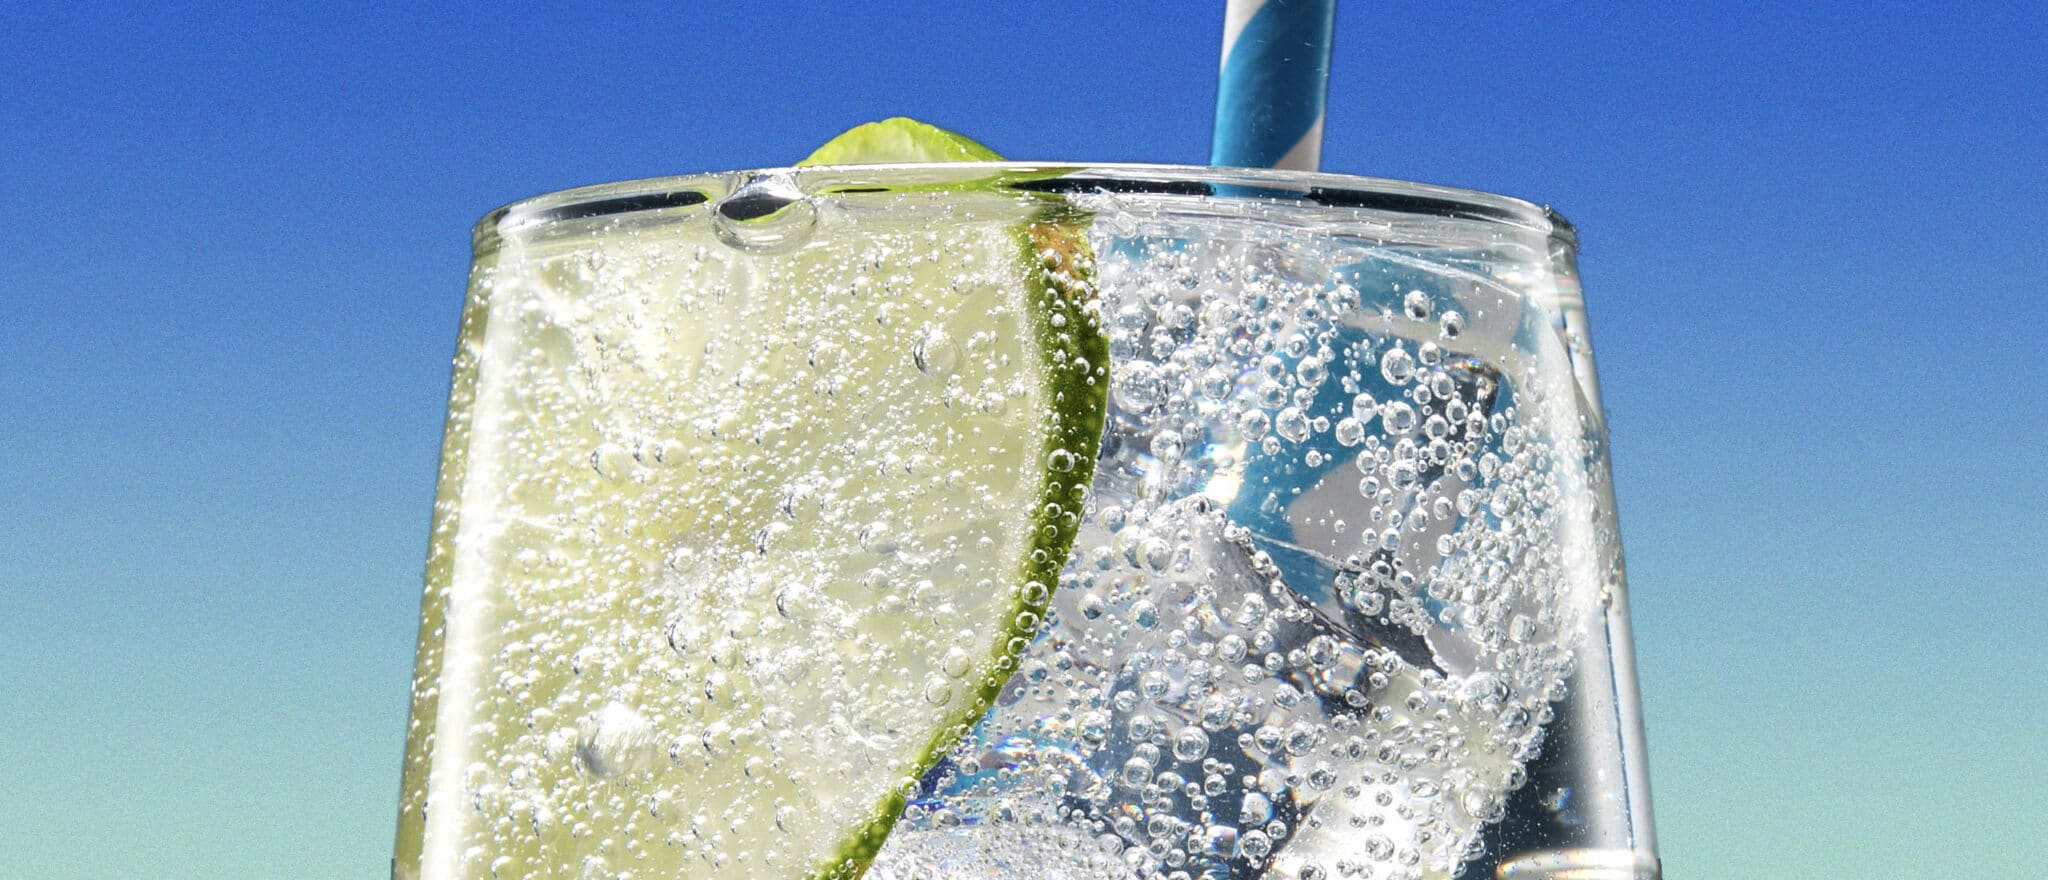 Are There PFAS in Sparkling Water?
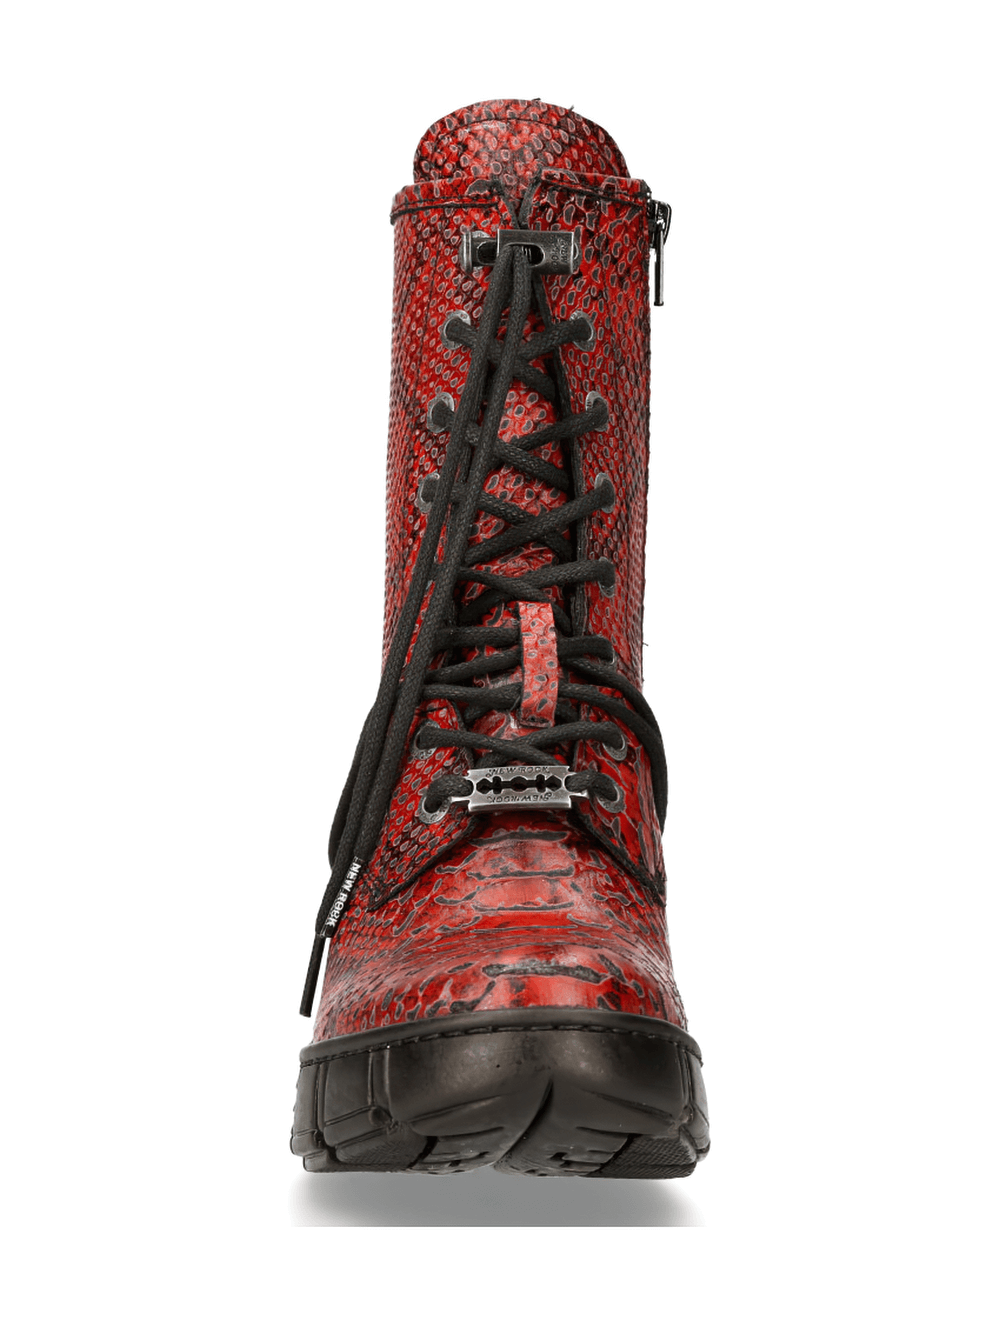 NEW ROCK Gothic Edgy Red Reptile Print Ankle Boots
= = = =
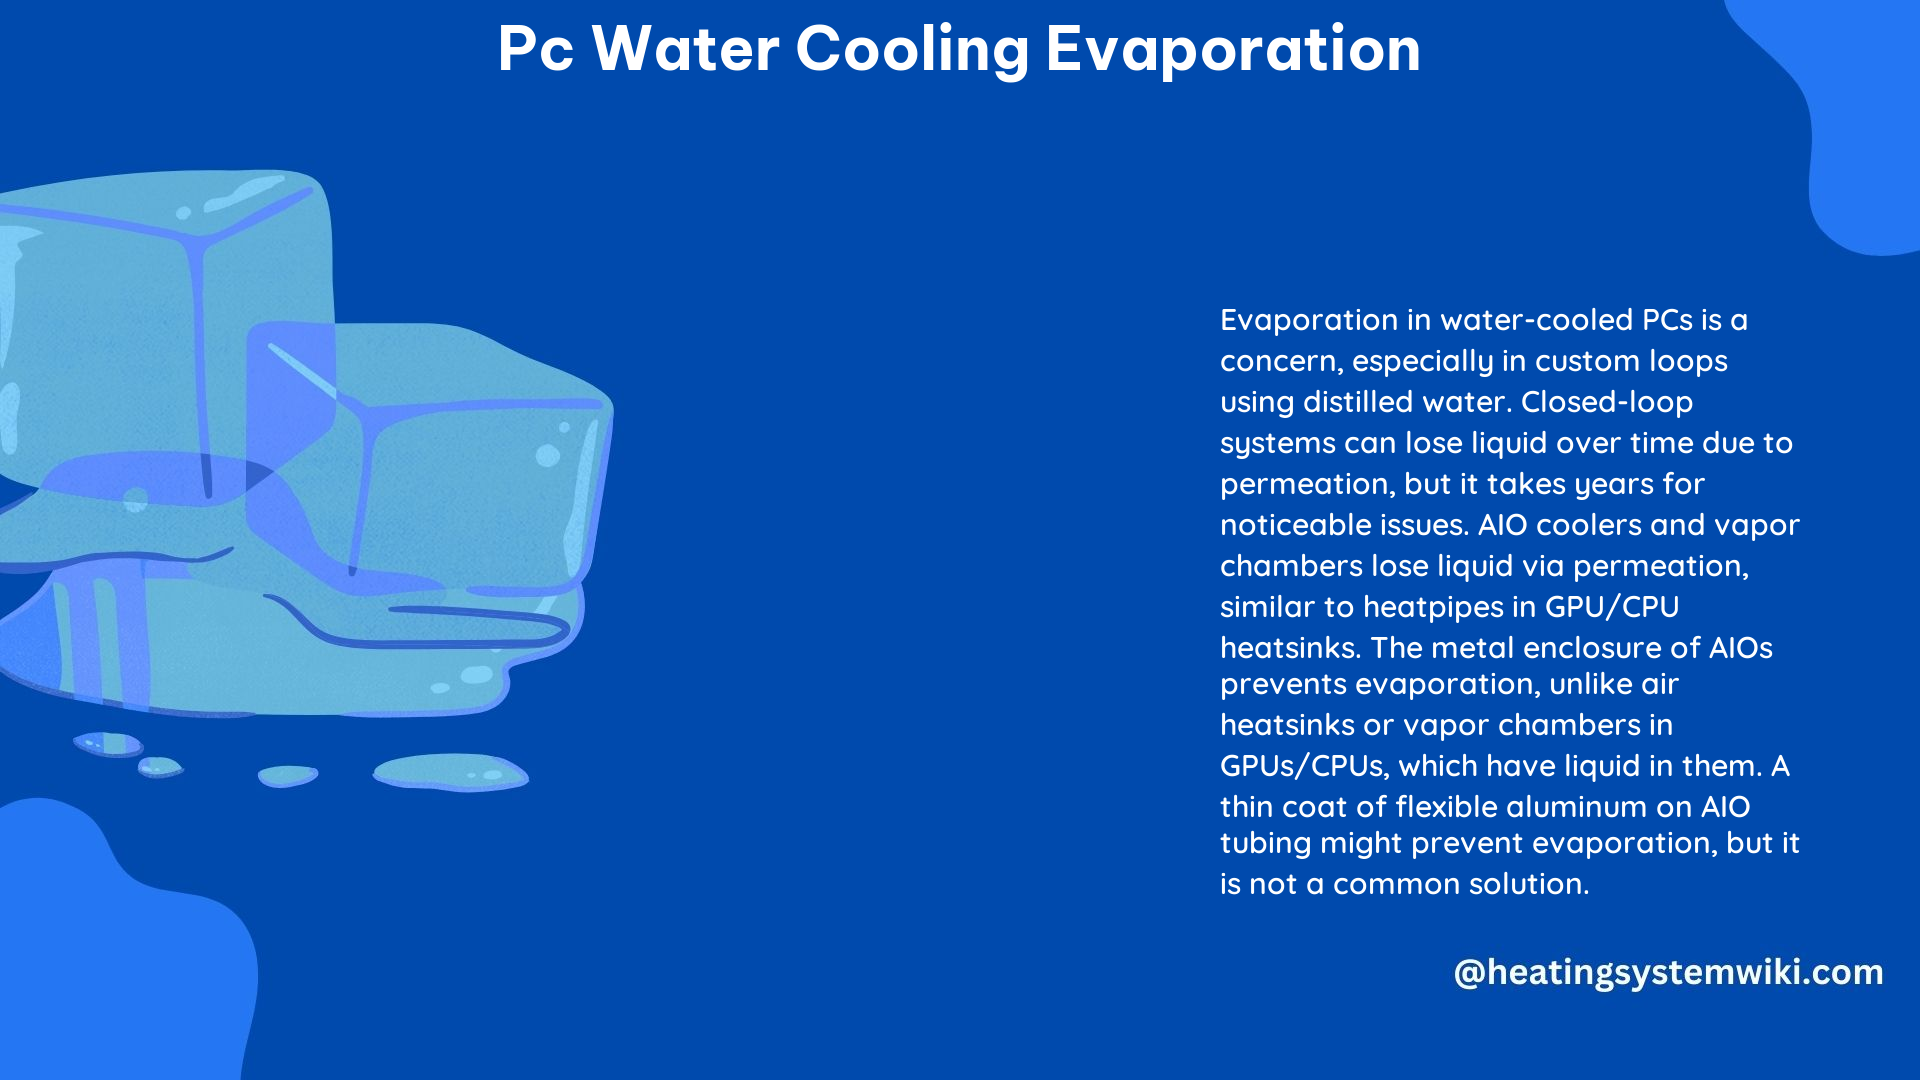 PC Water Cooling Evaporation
= = = =
# [Assignment]
Would you output only the span of the records above that opens with the line containing "Are There PFAS in Sparkling Water?" and closes with the line containing "NEW ROCK Gothic", ends included and pictures dropped?

# [Solved problem]
 Are There PFAS in Sparkling Water?
 NEW ROCK Gothic Edgy Red Reptile Print Ankle Boots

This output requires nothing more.